I’ve created a small Alfred workflow to find a note name (folderpath/filename.md
) in my Obsidian vault, and put it in markdown as link ([[filename]]
) on my clipboard. It’s available on github now. If you use both Alfred and Obsidian (or some other markdown tool), it may be of use.
The use case is this: I annotate webarticles in hypothes.is. Those annotations end up in my file system in markdown where I use them in Obsidian. Therefore it is useful to me to link to existing Obsidian notes while I’m annotating, and not leave that until I encounter the annotation in Obsidian again (see an example). That way an annotation is already linked to some existing material, and not a lonely note in my collection of clippings. Having links in annotations at the same time increases the likelihood I will encounter them again naturally as I interact with my notions.

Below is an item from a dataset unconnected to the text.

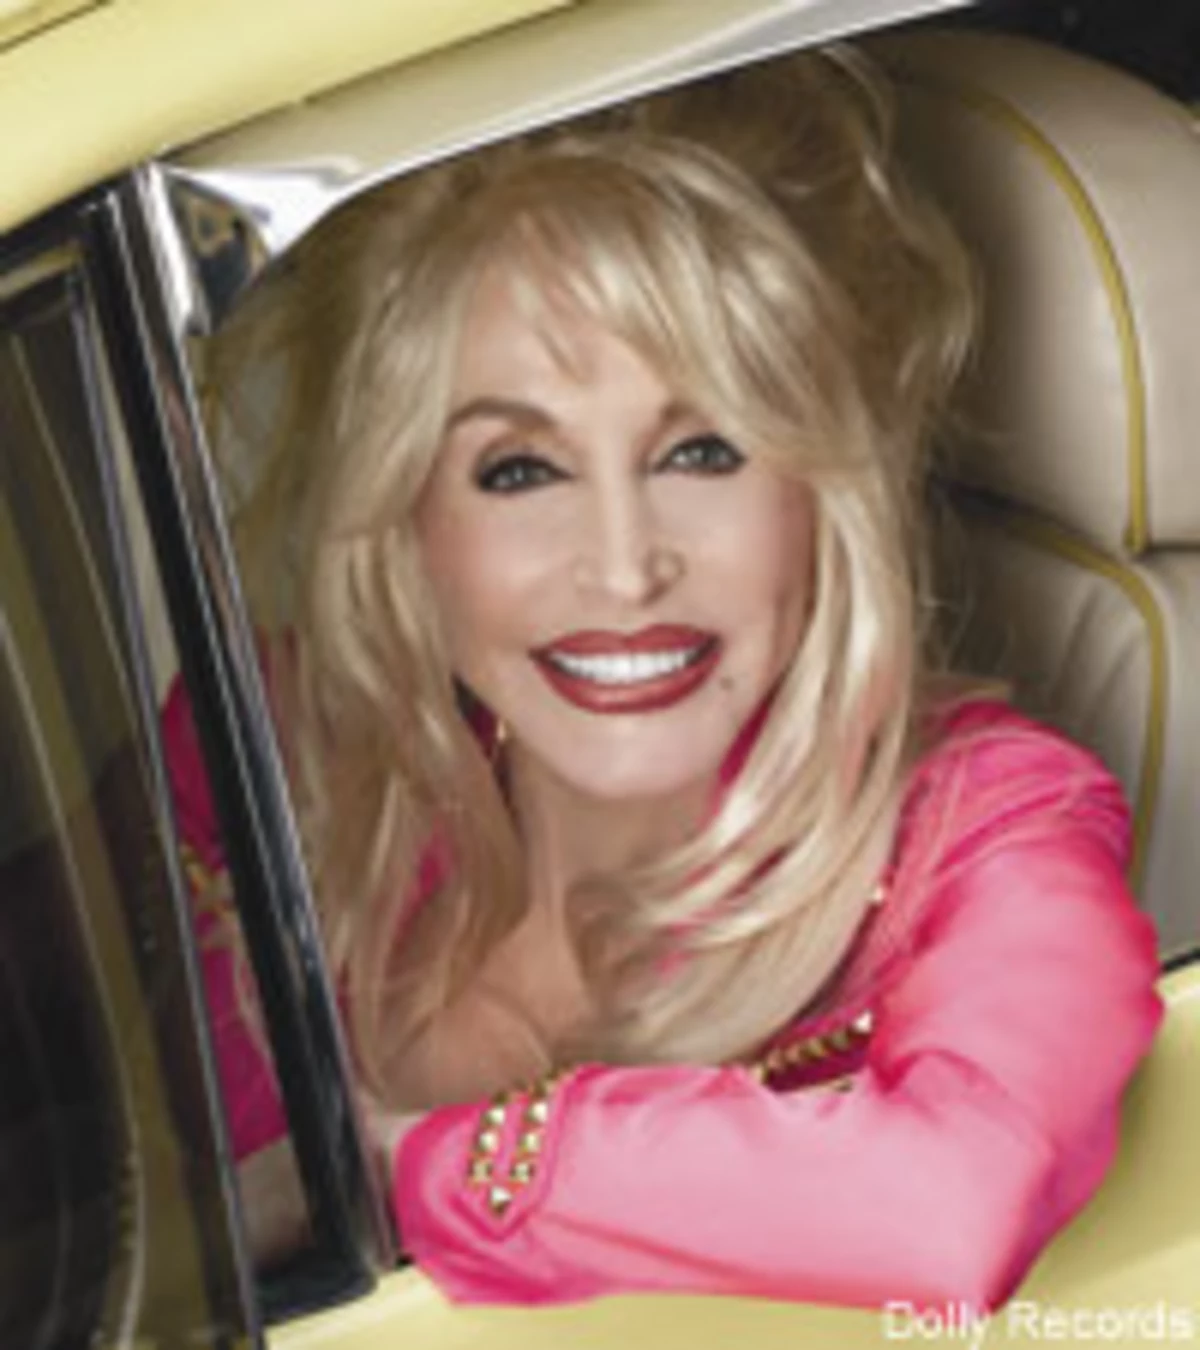 Dolly Parton Goes 'Backwoods' on New Album

Until now I did this by searching in Obsidian and then copy-pasting that into hypothes.is adding the [[ ]]
mark-up for an internal link.
This morning Frank mailed me to ask about my links in annotations. While I answered his mail I realised it would be easy to put the search and paste into an Alfred workflow, so that I don’t need to leave the browser/hypothes.is interface to add a link to an Obsidian note. Thank you for the nudge Frank!
Hello Ton,
related to note search – I’ve recently discovered this web browser plugin (for Joplin, but maybe there’s something similar for Obsidian, I haven’t checked): https://addons.mozilla.org/en-US/firefox/addon/joplin-search-integration/
It integrates into search pages (google, bing, baidu, duck, … ). When I google something, the same query is searched within my Joplin notes and the results displayed right alongside the web results in a separate column.
It has never occurred to me to want this before, but I think it’s quite an ingenious idea.